Однако в тот день, двенадцатый день ноября 1918 года, совершенно иначе и по-новому мы ощущали свою силу. Мы стояли на широкой Замковой площади и гордо, преданно смотрели в лицо полковнику Леону, который зачитывал приказ Коменданта. Ибо, хоть и разные были среди нас солдаты и люди, все мы понимали одно: сегодня впервые за сто двадцать лет зачитывается в Варшаве приказ по Войску Польскому, которое уже было не повстанческой армией, легионом или вспомогательным корпусом того или иного императора либо временного правительства, а полноправной и собственной армией независимого, с собственными законами и беззаконием польского государства.
– Солдаты! – прерывисто гремел над нами знакомый голос полковника, обращавшегося к нам от имени Коменданта. – Я принимаю над вами командование в ту минуту, когда сердце каждого поляка бьется сильнее и горячее, когда дети нашей земли узрели сияние свободы во всем ее великолепии… Вместе с вами я переживаю этот волнующий исторический момент, вместе с вами клянусь, что не пожалею крови и самой жизни для блага отчизны, во имя счастья ее граждан.

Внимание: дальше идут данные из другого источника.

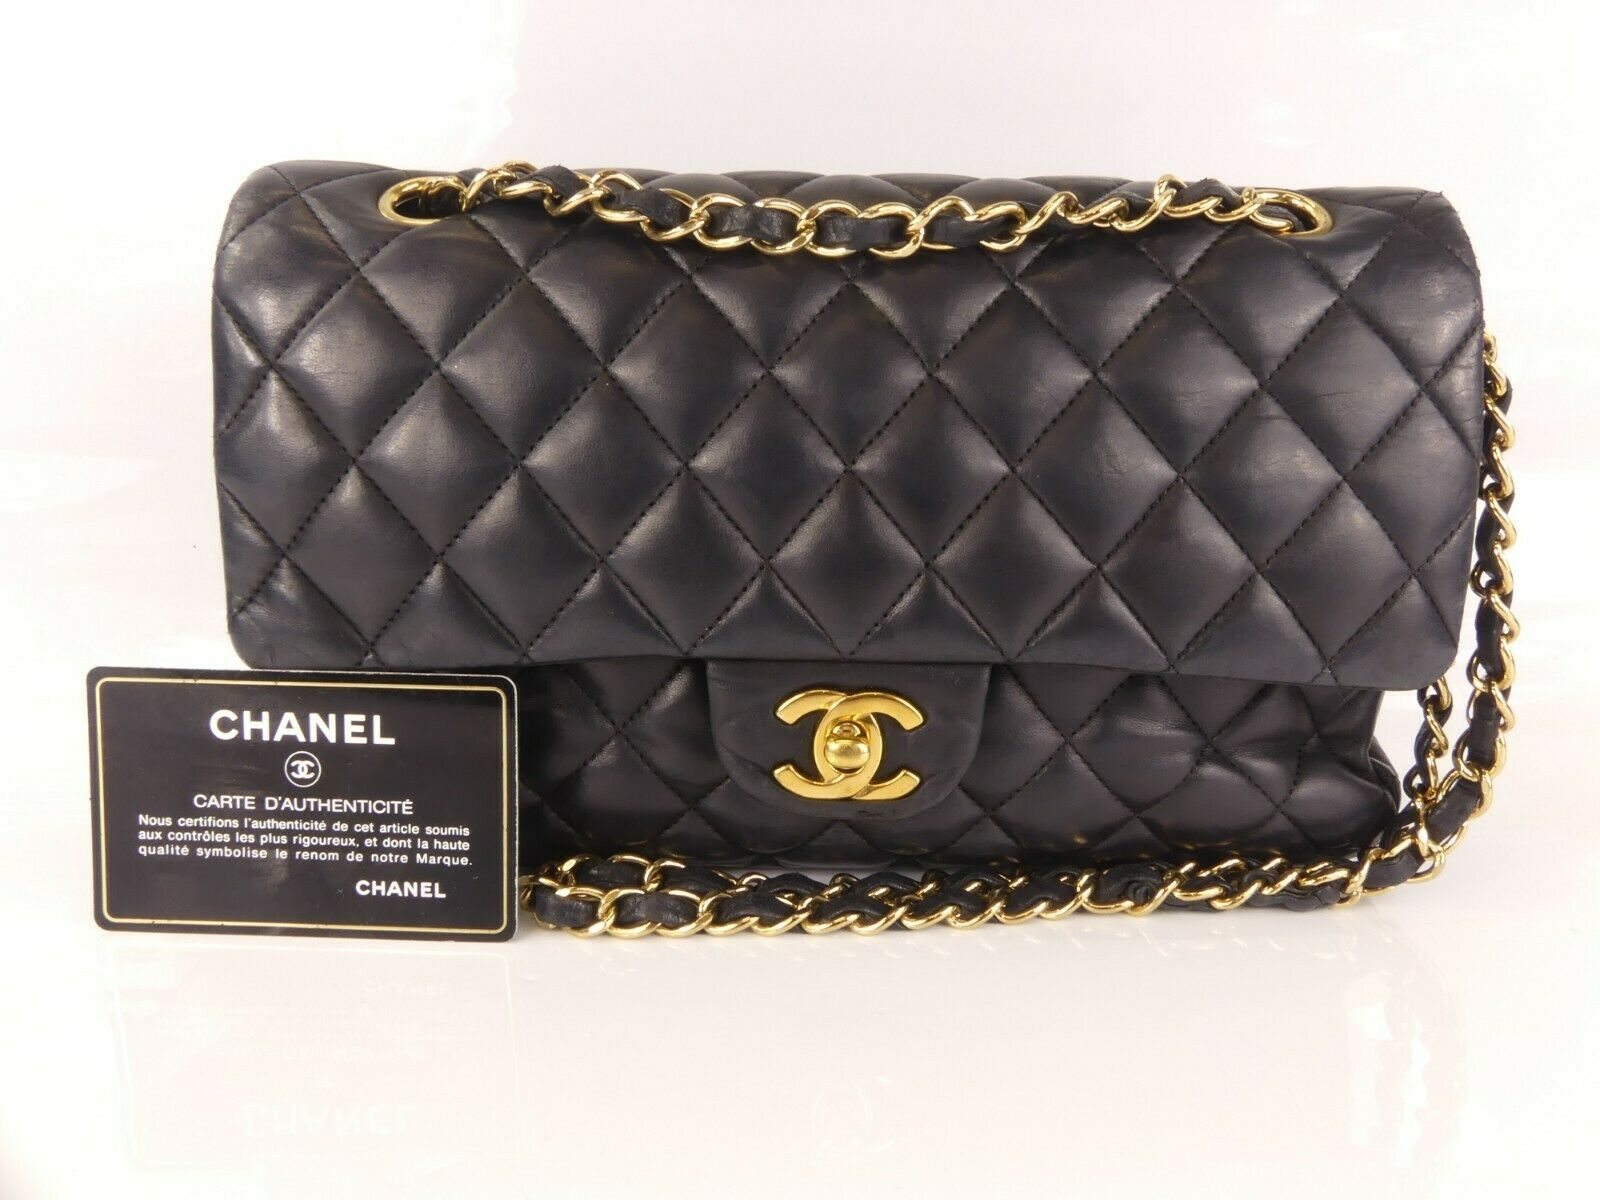 ffc5a525875 Details about CHANEL MATELASSE Diana flap CC logo shoulder bag leather  black gold Metal in 2019

Тут голос полковника снова дрогнул, и темневшая на тротуарах толпа господ – изящные шляпки, цилиндры, котелки, монокли – сразу же забелела батистовыми платочками, поднесенными к глазам, да и у самого бронзового короля Зигмунта лицо было мокрое от тумана и мелкого дождя.

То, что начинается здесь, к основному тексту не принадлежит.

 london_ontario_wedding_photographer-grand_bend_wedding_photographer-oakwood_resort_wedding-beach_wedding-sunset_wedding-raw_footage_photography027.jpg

– К чему ты это рассказываешь? – медленно и угрожающим тоном процедил Шимонек. – На прежнее потянуло? Предпочел бы праздновать старорежимный маршальско-барский ноябрь[46] вместо рабочего мая?

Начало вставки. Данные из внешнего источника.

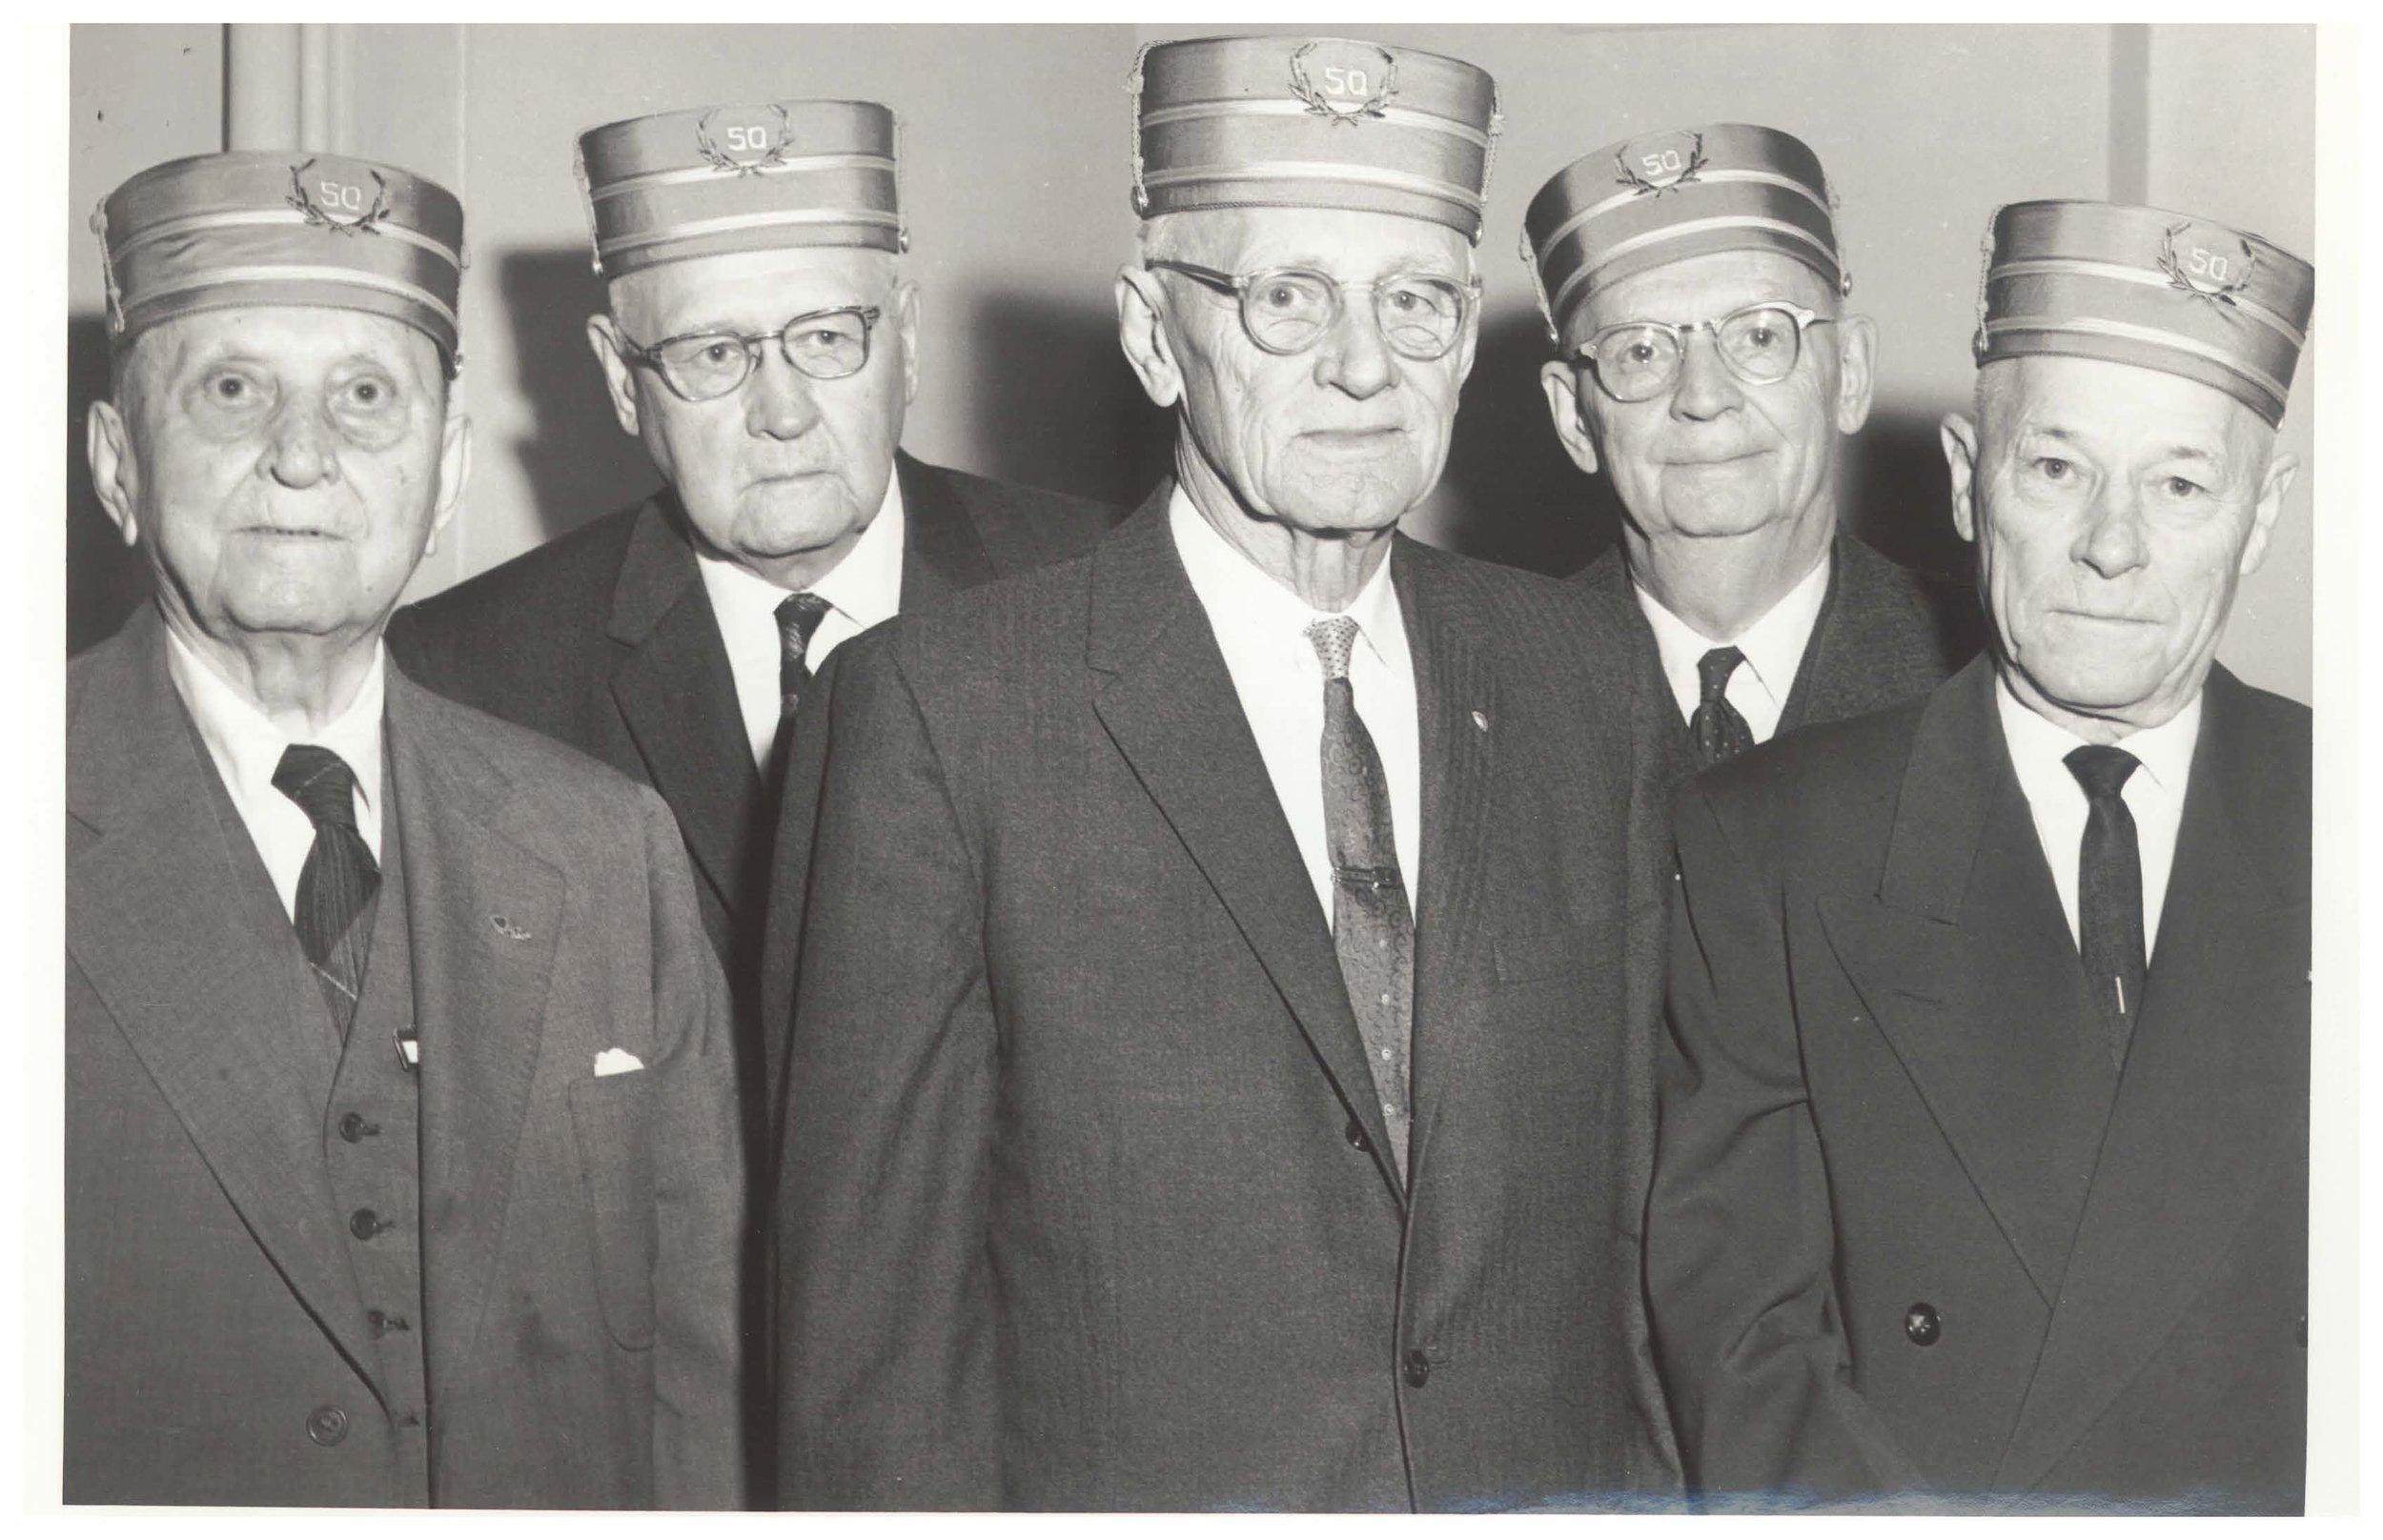 50 Year Men Nov 17 1961.jpg

Я помолчал с минуту, давая окрепнуть голосу и остыть голове. А потом спокойно и рассудительно заметил, что высказался он, как тупой, безмозглый и непонятливый баран. Он обиделся, вскочил, хотел уйти. Но я крепко схватил его и попридержал. Неторопливо и без всякой злости объяснил ему, что тогда – в 1918 году – свято доверял словам Коменданта, верил безгранично в справедливость и силу свободной и независимой отчизны, хотя не с таких бед и развалин, как теперь, начинала она свое существование. Верил тогда одержимо и безотчетно – в свои восемнадцать лет был глуп и будущее видел лишь в радужных тонах. А теперь вот мне сорок шесть, четыре войны за спиной, ограниченная трудоспособность, все тело в шрамах, а главное – великое смятение внутри. И если его, друга, я привел сюда, то вовсе не для того, чтобы похваляться прежней своей нелепой наивностью.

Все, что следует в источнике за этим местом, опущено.